A senior nurse at the Princess Royal said she is ‘very concerned’ about patient safety due to ‘staff shortages’ at the hospital.
The nurse, who wished to remain anonymous, said the trust has capped on the number of agency staff used on each shift.
The Princess Royal Hospital, in Haywards Heath, is run by Brighton and Sussex University Hospitals Trust.
Speaking to the Mid Sussex Times, the nurse said: “I work in the Princess Royal and am very concerned over our patient safety. The hospital has introduced a cap on agency staff to try and stop our overspend.
“There will be a cap on a maximum of three agency staff on a day shift and three in a night.

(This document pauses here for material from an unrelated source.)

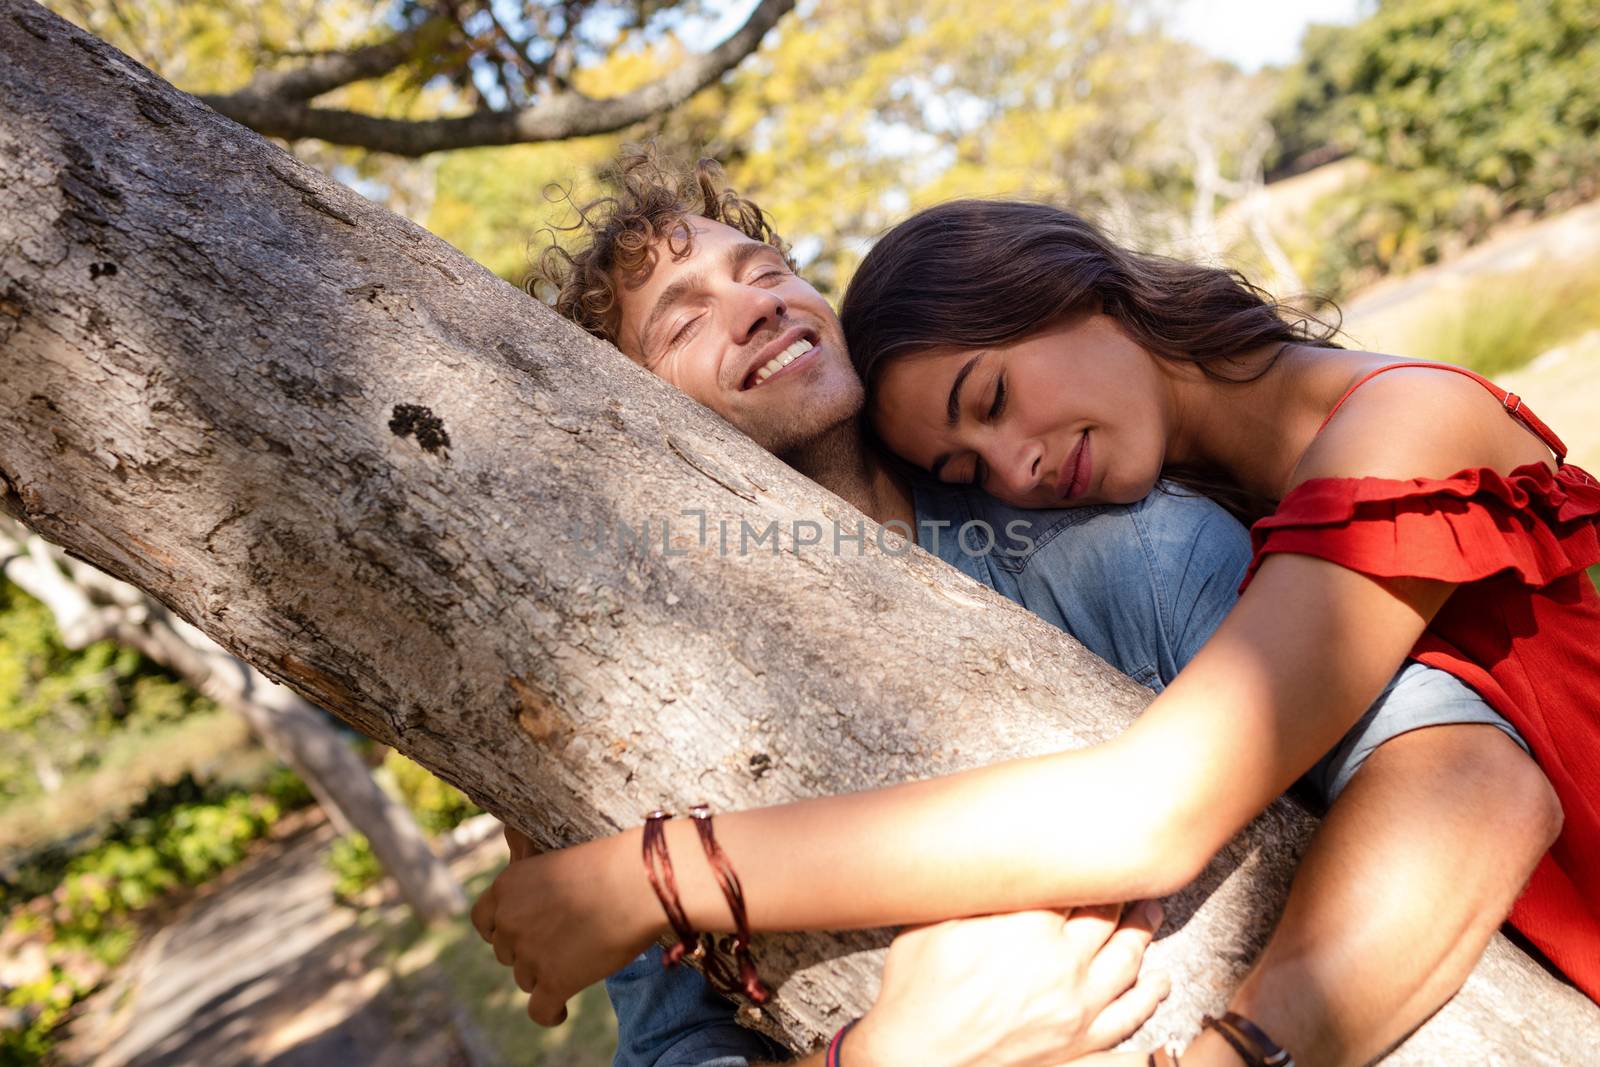 Romantic couple embracing each other in park on a sunny day
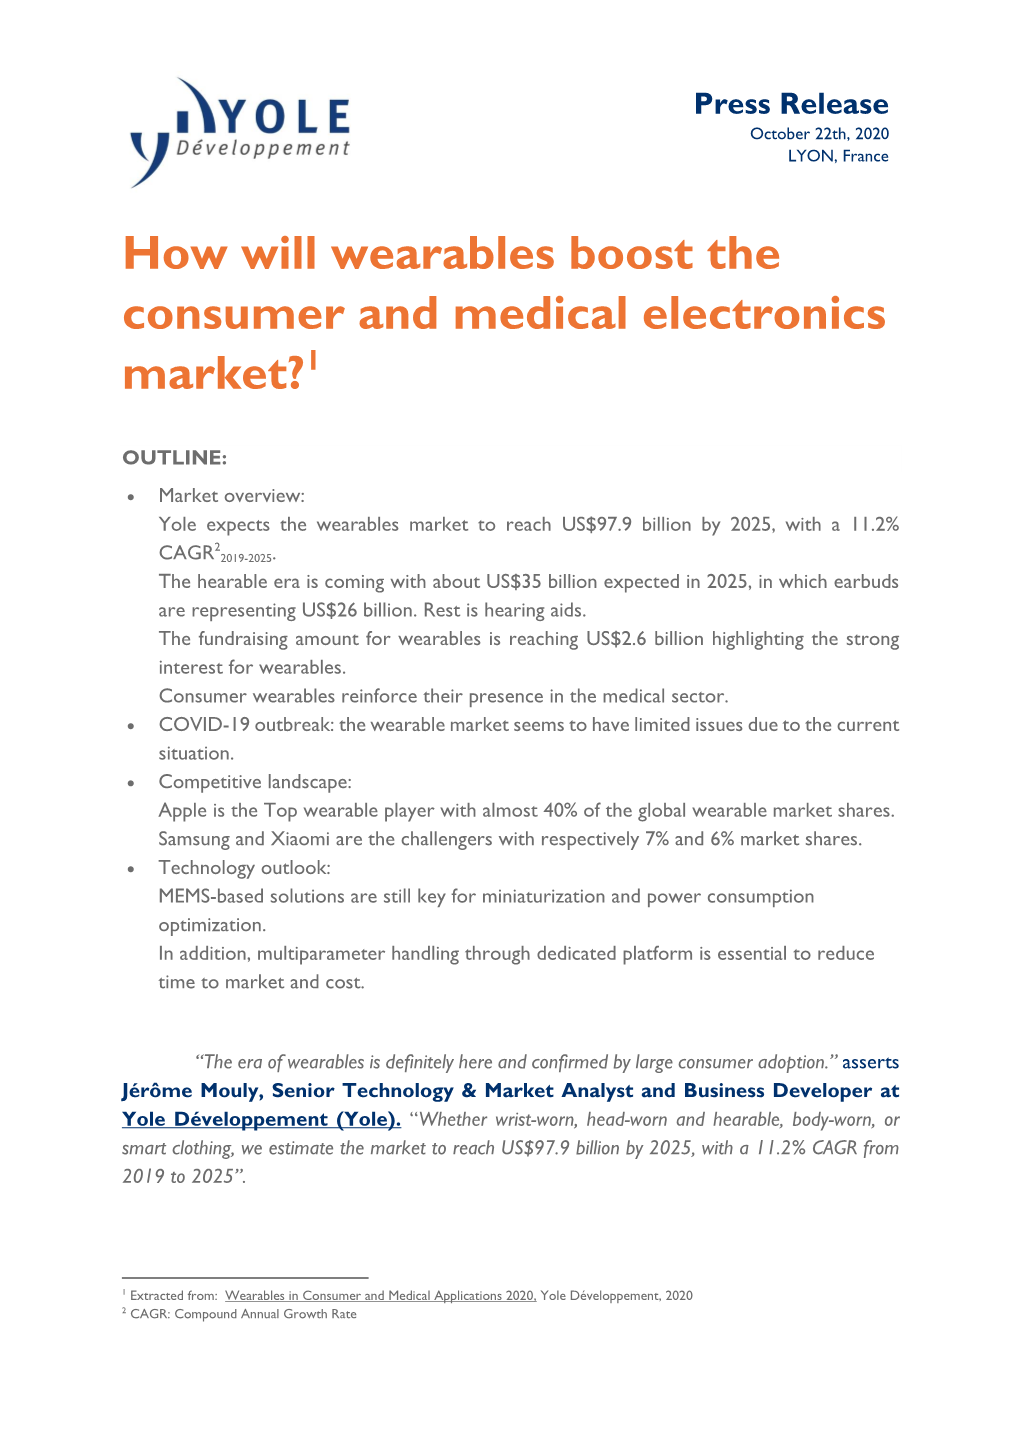 How Will Wearables Boost the Consumer and Medical Electronics Market?1

“Managers will not put shifts out to agency and pressure is being put on us to cover with substantive staff however we can.
“This is not enough to cover all the nurses that are needed.
“We believe patient care will be compromised. At the weekend on a night the site was 11 trained nurses short.
“Frontline services will be affected.”
She said training is also being cancelled to ‘cover the shortfall of staff’, adding this was ‘alright in the short term’ expressed concern the nurses are missing out on vital training.
Agency staff are more expensive than using trust nurses and bank staff – who are a reserve of trust staff willing to take on extra shifts.
A spokesman for Brighton and Sussex University Hospitals Trust said: “Every Trust in the country has been asked to reduce the amount they spend on agency staff to ensure they are getting the best value from tax payers’ money.
“To ensure we have appropriate numbers of staff on duty, we have invested significantly on increasing our substantive workforce over the last year and now have the most number of nurses working at the Trust that we have ever had.
Since December of last year, over 300 trained nurses from the local area and the rest of the UK have started with us, with a further 125 international nurses starting, and compared to this time last year we have 175 more substantive nursing and midwifery staff.”
He added ward managers and senior nurses spend a lot of time planning and covering rotas to ensure there are safe staffing levels.
“Any decisions around staffing go through a detailed assessment, in line with national best practice, to make sure they do not have a negative effect on patient care,” he said.